Static validation vs behavioural execution

validate_n8n_workflow.py is a static, structural checker. It inspects the workflow JSON for:

  • Required top-level keys (nodes, connections).
  • A trigger node from a small conservative whitelist.
  • Unique node names and IDs.
  • active: false by default.
  • No credentials, no real-looking secrets, no JWTs / API keys / private keys in any node parameter.
  • Connection references that point to nodes that exist.
  • Webhook flows that include a respondToWebhook node or are explicitly documented.
  • Sticky-note setup/safety guidance.
  • httpRequest URLs that match the safe placeholder allow-list.

It does not call n8n. It does not parse n8n's internal parameter schemas. A workflow can pass this validator and still fail to import into n8n. The validator's job is to catch the classes of failure that we can check without n8n in the loop.

Prompt-to-IR vs prompt-to-n8n

  • prompt_to_ir.py turns a prompt into a draft workflow.ir.json. The IR carries generationStatus: planned and validationStatus: needs-review. It is not a buildable workflow.
  • prompt_to_n8n.py orchestrates the IR step plus the n8n export and the static validation. The output is an n8n-shaped workflow JSON with safe placeholders and a sticky-note safety disclaimer.

The two are intentionally separate so the IR can be reviewed independently of any framework export.

Repair proposals

propose_runtime_repair.py reads validation.json from a runtime-proof slug directory and emits one proposal per material validator finding. Each proposal conforms to schemas/repair-proposal.schema.json:

  • requiresHumanReview: true
  • status: "proposed"
  • framework: "n8n"
  • validationBefore carries the pre-repair validation state
  • validationAfter is unvalidated (no auto-apply)

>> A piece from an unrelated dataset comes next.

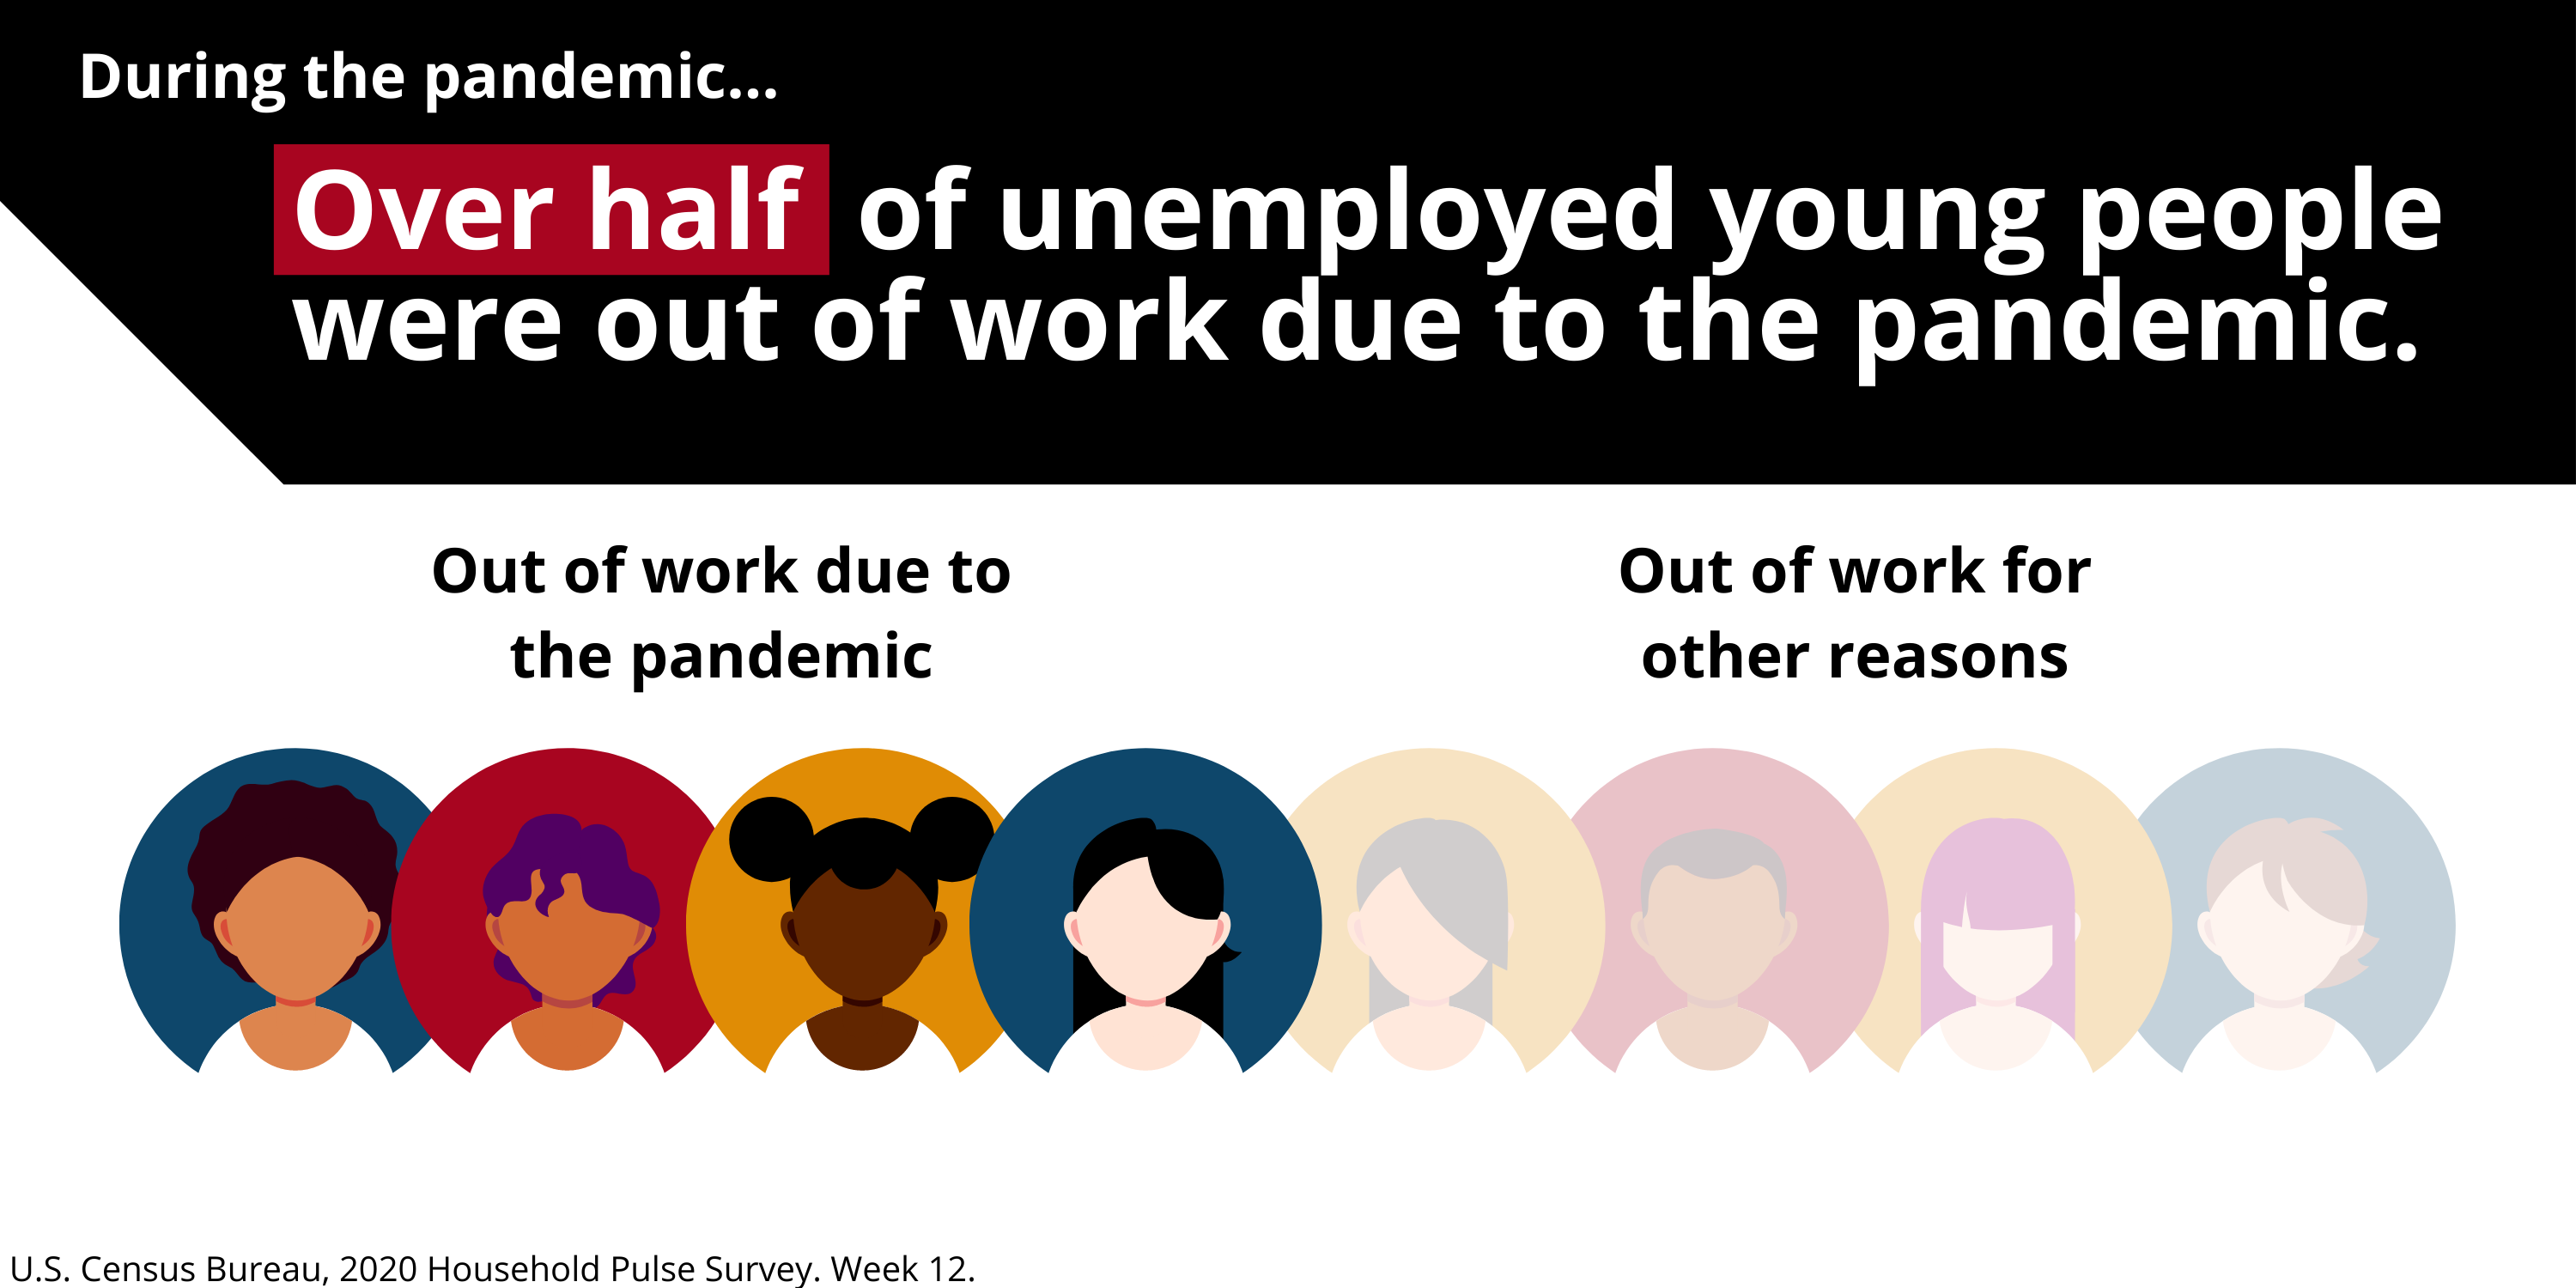 Over half  of unemployed young people were out of work due to the pandemic.

The tool does not modify the workflow file.

Learning events

create_learning_event.py records evidence of each validator finding into schemas/learning-event.schema.json shape. Every event carries:

  • source: "validation"
  • humanReviewStatus: "pending"
  • appliedToWiki: false

The tool does not promote events into curated wiki rules.

Human review queue

build_review_queue.py aggregates every item that needs a human into reports/review-queue.json and .md. Grouping:

  • highRiskWorkflows — from the unified catalog
  • repairProposals — pre-runtime catalog proposals
  • runtimeRepairProposals — V1 runtime-proof proposals
  • learningEvents — V1 evidence records
  • duplicateCandidates — from the duplicates analyzer
  • generatedPackReview — anchor item for behavioural testing of the expansion pack
  • promptToN8nProofs — one item per runtime-proof slug

Every item is status: pending, humanReviewRequired: true. The queue builder does not auto-approve anything.

How to run the demo cases

# 1. End-to-end proof loop, one prompt at a time:
python tools/prompt_to_n8n.py "Create a workflow that receives website leads, scores them, saves qualified leads to CRM, and alerts Slack."
python tools/prompt_to_n8n.py "Create a workflow that checks support tickets every morning, summarizes urgent tickets, and sends a manager digest."
python tools/prompt_to_n8n.py "Create a workflow for homecare admin intake that receives a referral, checks required documents, sends an internal task, and escalates missing information to a human."
python tools/prompt_to_n8n.py "Create a workflow that monitors failed payments, updates a finance tracker, and notifies the customer success team."
python tools/prompt_to_n8n.py "Create a workflow that receives a content brief, creates a draft task, assigns it to a reviewer, and sends a status update."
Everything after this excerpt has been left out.